▸ **DATA FOR PROCESSING**
-=-=-=-=-
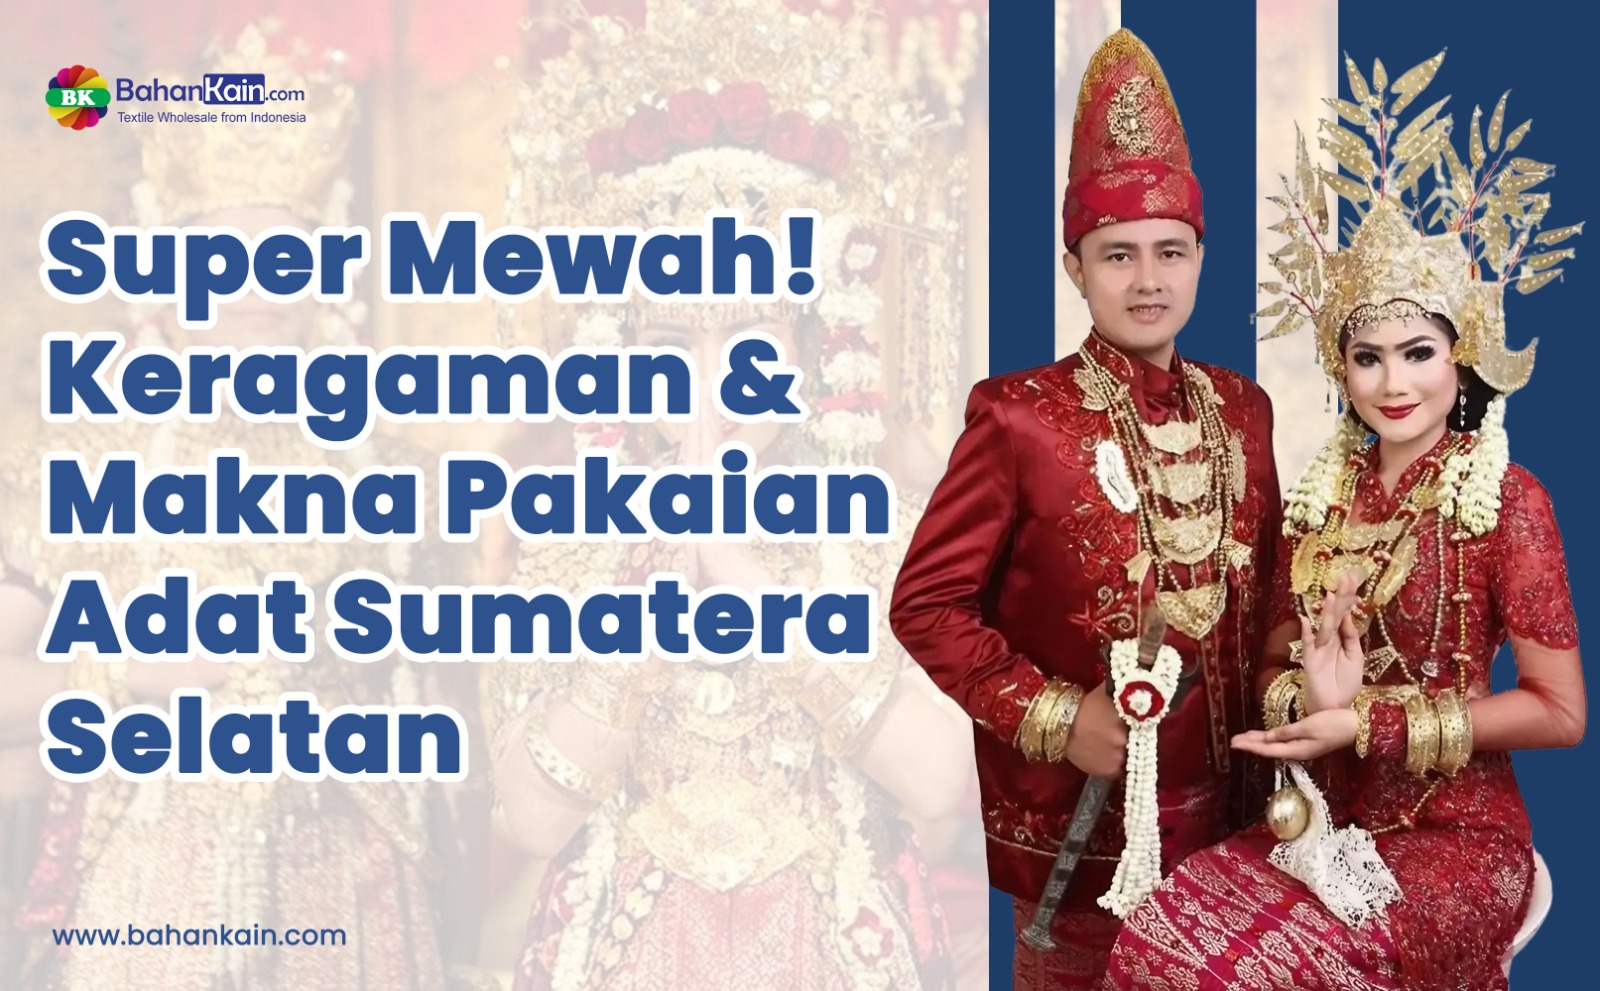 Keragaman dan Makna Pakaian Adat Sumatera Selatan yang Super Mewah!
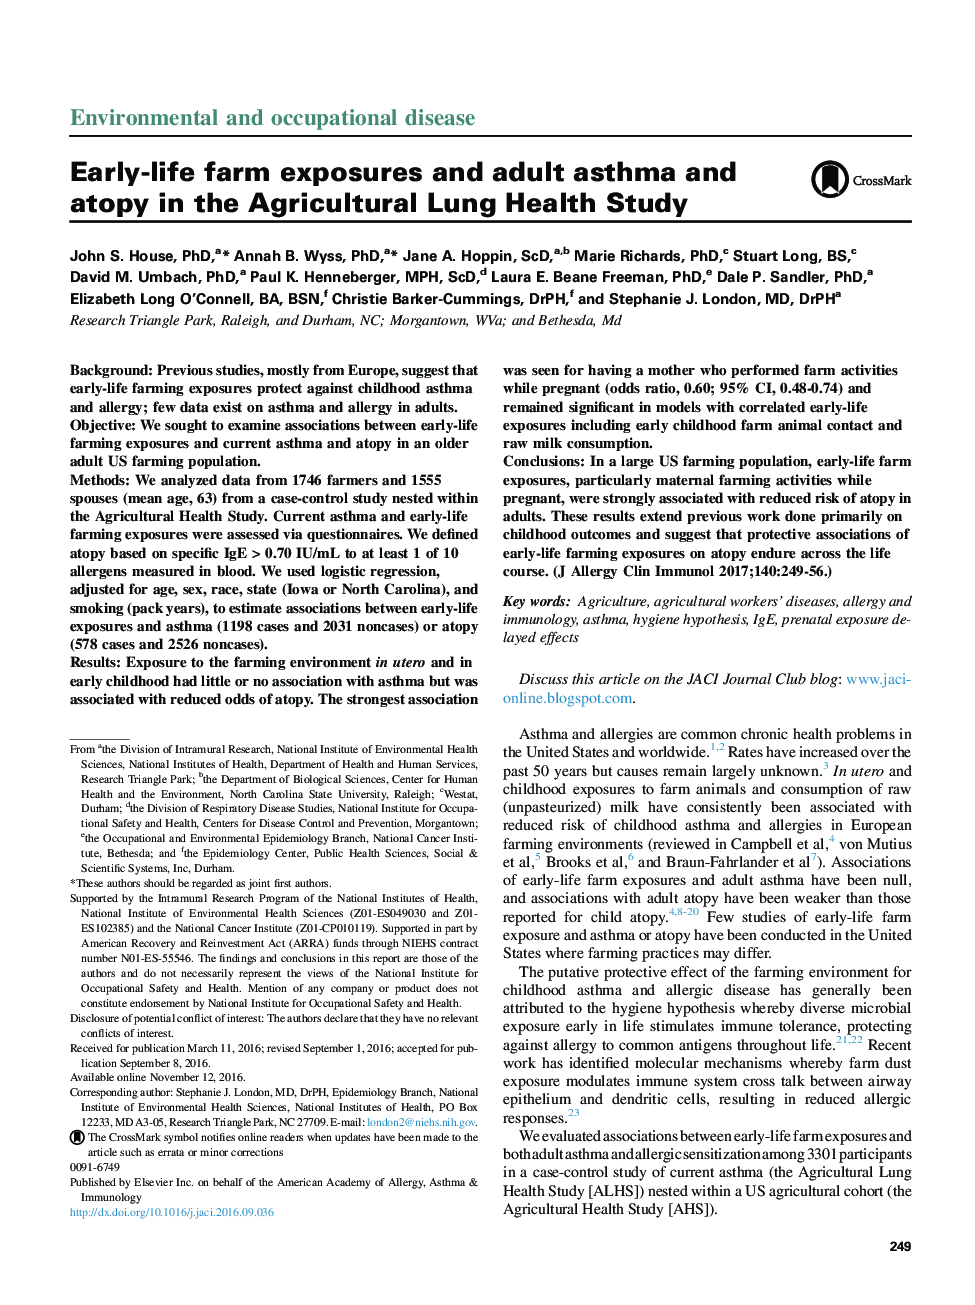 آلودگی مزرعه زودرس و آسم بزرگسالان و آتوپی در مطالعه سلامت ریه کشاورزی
-=-=-=-=-
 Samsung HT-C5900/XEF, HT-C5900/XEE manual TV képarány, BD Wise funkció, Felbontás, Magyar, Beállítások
-=-=-=-=-
▸ **PROBLEM REQUIREMENTS**
The lines above starting at the one that holds "Keragaman dan Makna" and ending at the one that holds "آلودگی مزرعه زودرس" are to be written out exactly, ends included, and no pictures are to be copied.

▸ **RESPONSE TO THIS EXERCISE**
 Keragaman dan Makna Pakaian Adat Sumatera Selatan yang Super Mewah!
 آلودگی مزرعه زودرس و آسم بزرگسالان و آتوپی در مطالعه سلامت ریه کشاورزی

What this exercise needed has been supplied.